The Gutenberg Museum

Visiting the most important invention of the 20th Century

When I travel, I like to visit some of the most historically significant sights. In Mainz, this meant visiting the museum for the man credited with ending the Middle Ages and who often appears as the most important inventor of the 20th century: Johannes Gutenberg. If you aren’t familiar with his invention, you are reading one of the later updates to his original creation right now. Gutenberg was the first to develop a printing press, capable of reproducing books without the meticulous hand-written process of the time.
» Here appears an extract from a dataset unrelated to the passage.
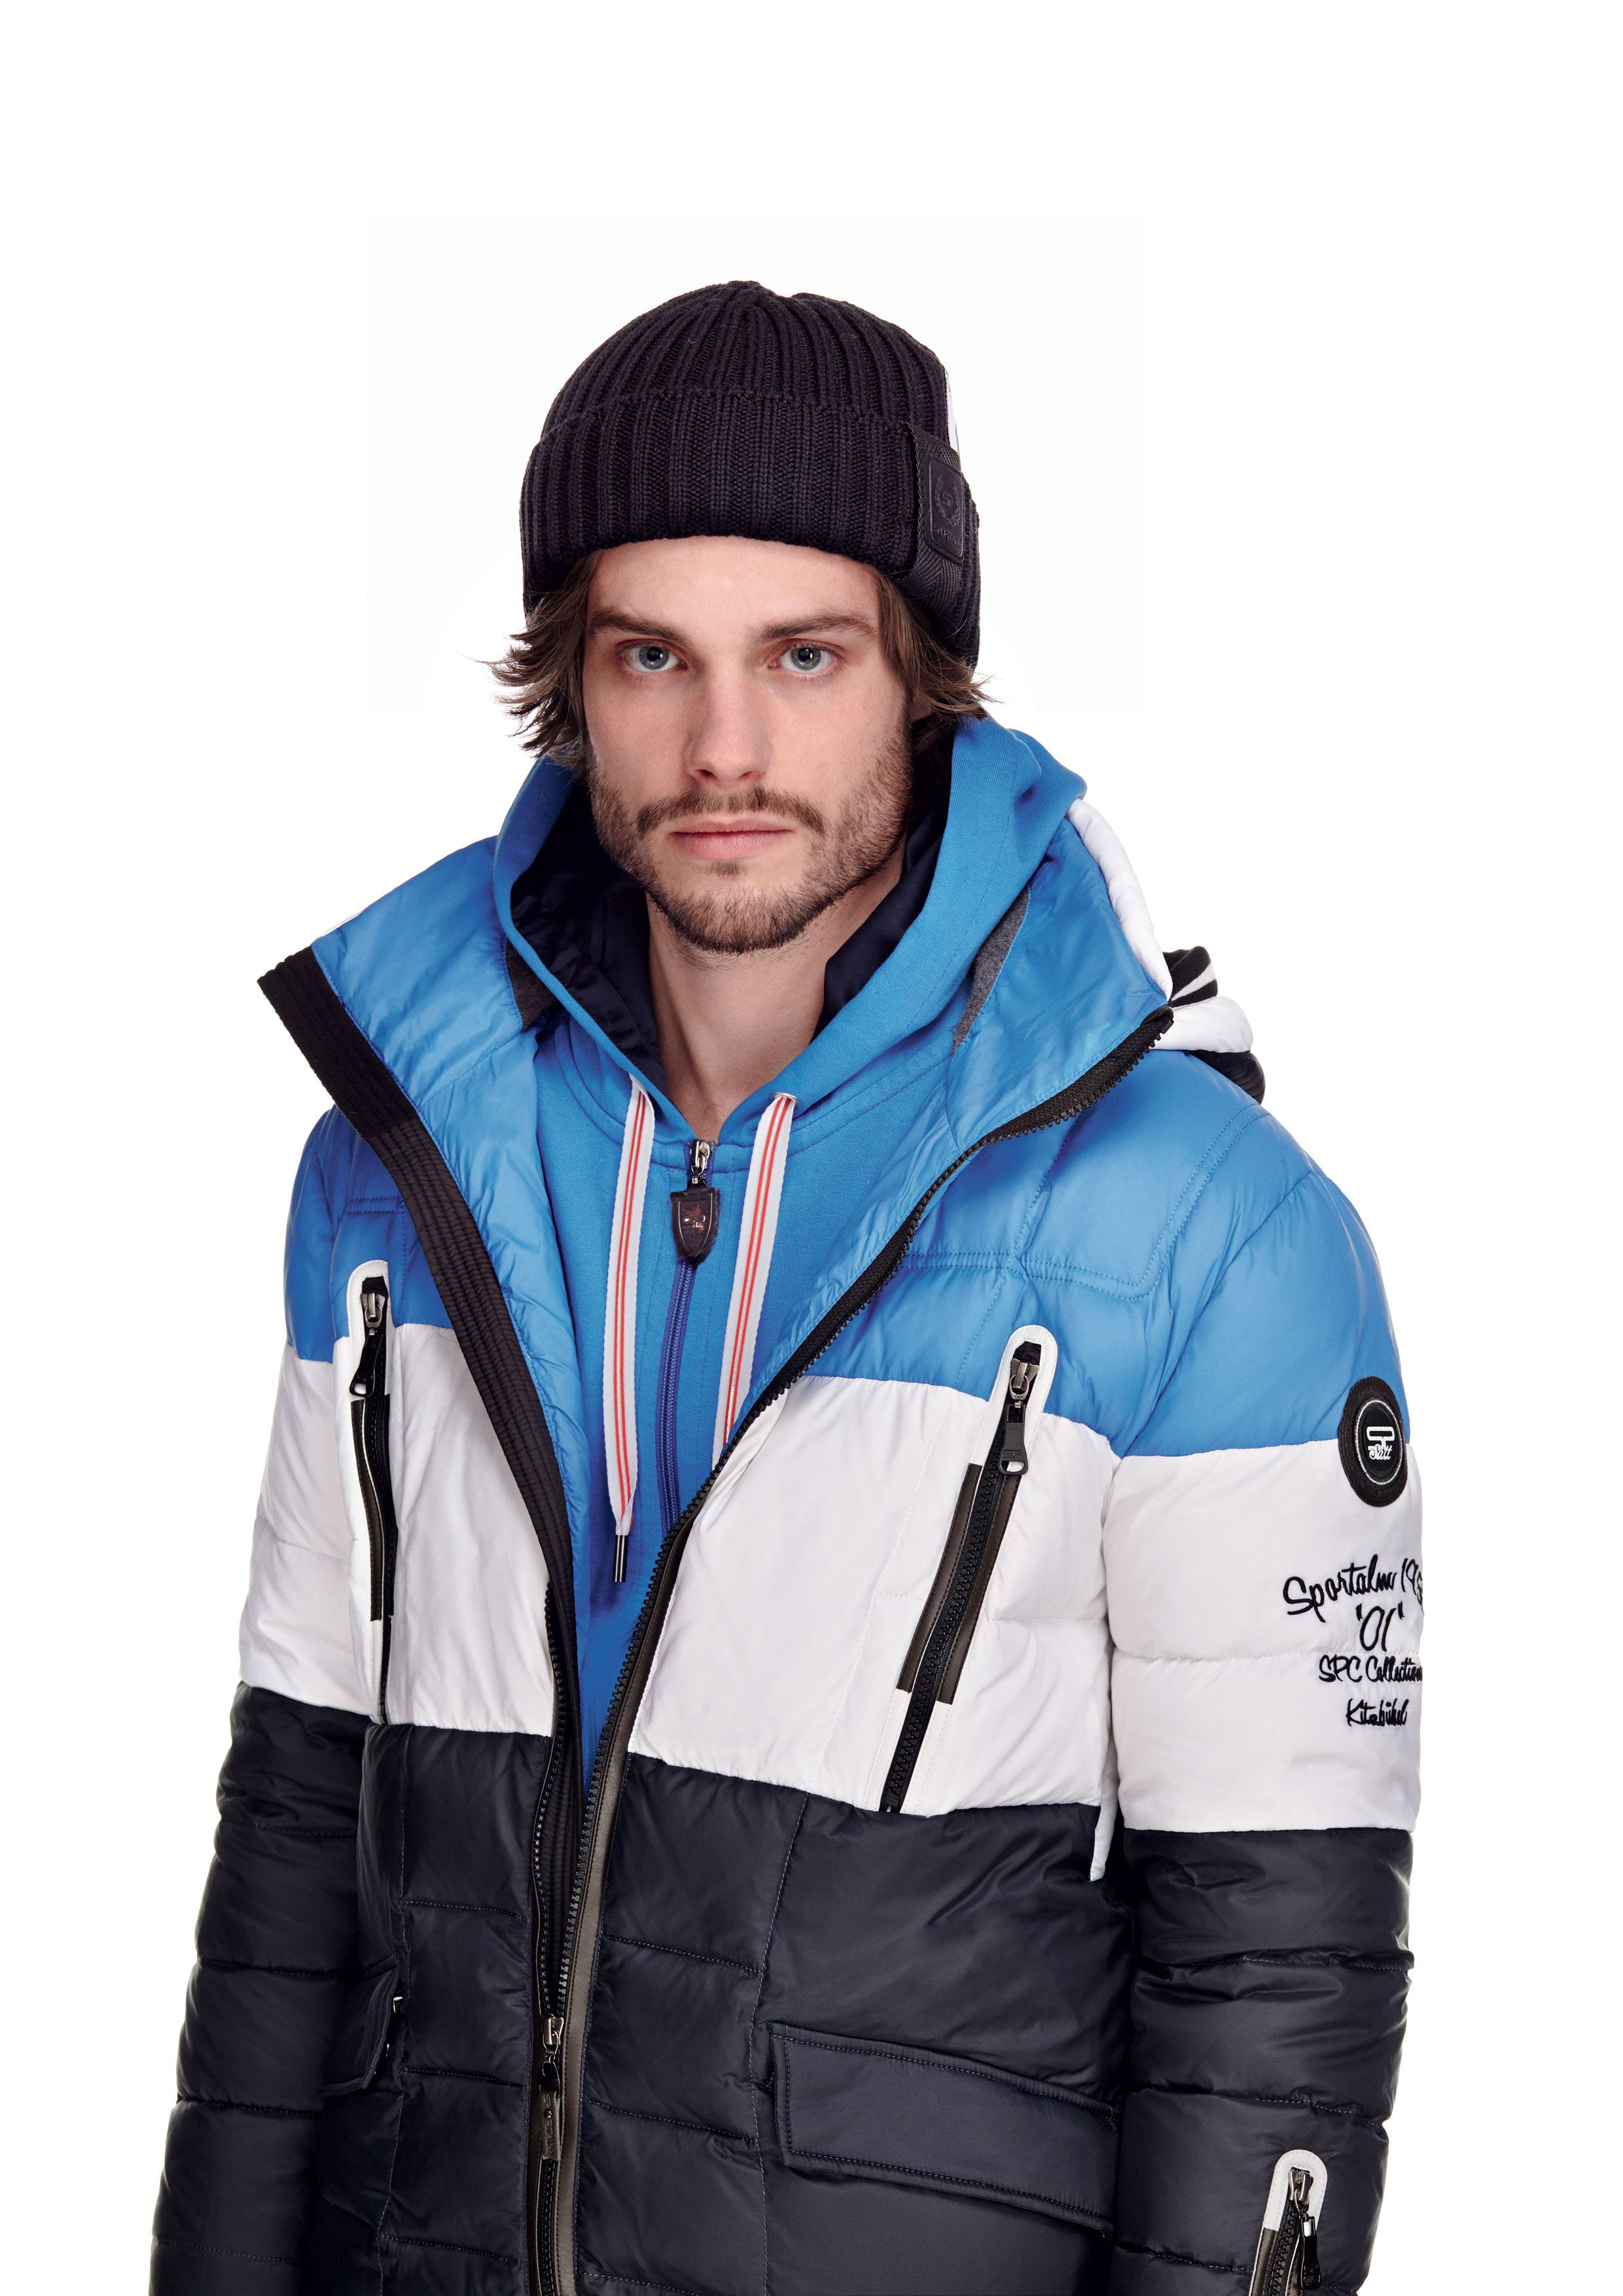 sportalm men 2013 2014 fashion ski mens skiwear pinterest ski wear mens skis and style men. Black Bedroom Furniture Sets. Home Design Ideas

For the first time, knowledge could be democratized and was no longer for only the elite. Texts could be printed by the hundreds or thousands, spreading information and messages wider than ever before. Gutenberg’s invention was first to change the church, most notably by Martin Luther who used it to challenge the authority of church leaders. Popes used the invention to print scripts promising the cleansing of sins in exchange for money. In other words, popes sold a ticket to a better afterlife by the thousands to finance the building of massive cathedrals and enhancing the church’s wealth.

As we all know, information doesn’t need to be accurate to spread through print. It is therefore most ironic that the only known image of Gutenberg is an inaccurate sketch made by a French artist that depicts Gutenberg with a long beard. He never would have had such a beard given his class in society. I couldn’t help but purchase postcards from the Gutenberg Museum that contain this inaccurate depiction of Gutenberg. These will soon be framed in my office.

I also found it peculiar that the Gutenberg Museum, one of the most important in the history of our history, was the least busy and least expensive of the museums I visited on this trip. At five euros for entry and an exquisite display of early printing, along with two complete Gutenberg bibles, this was by far the best deal of the trip.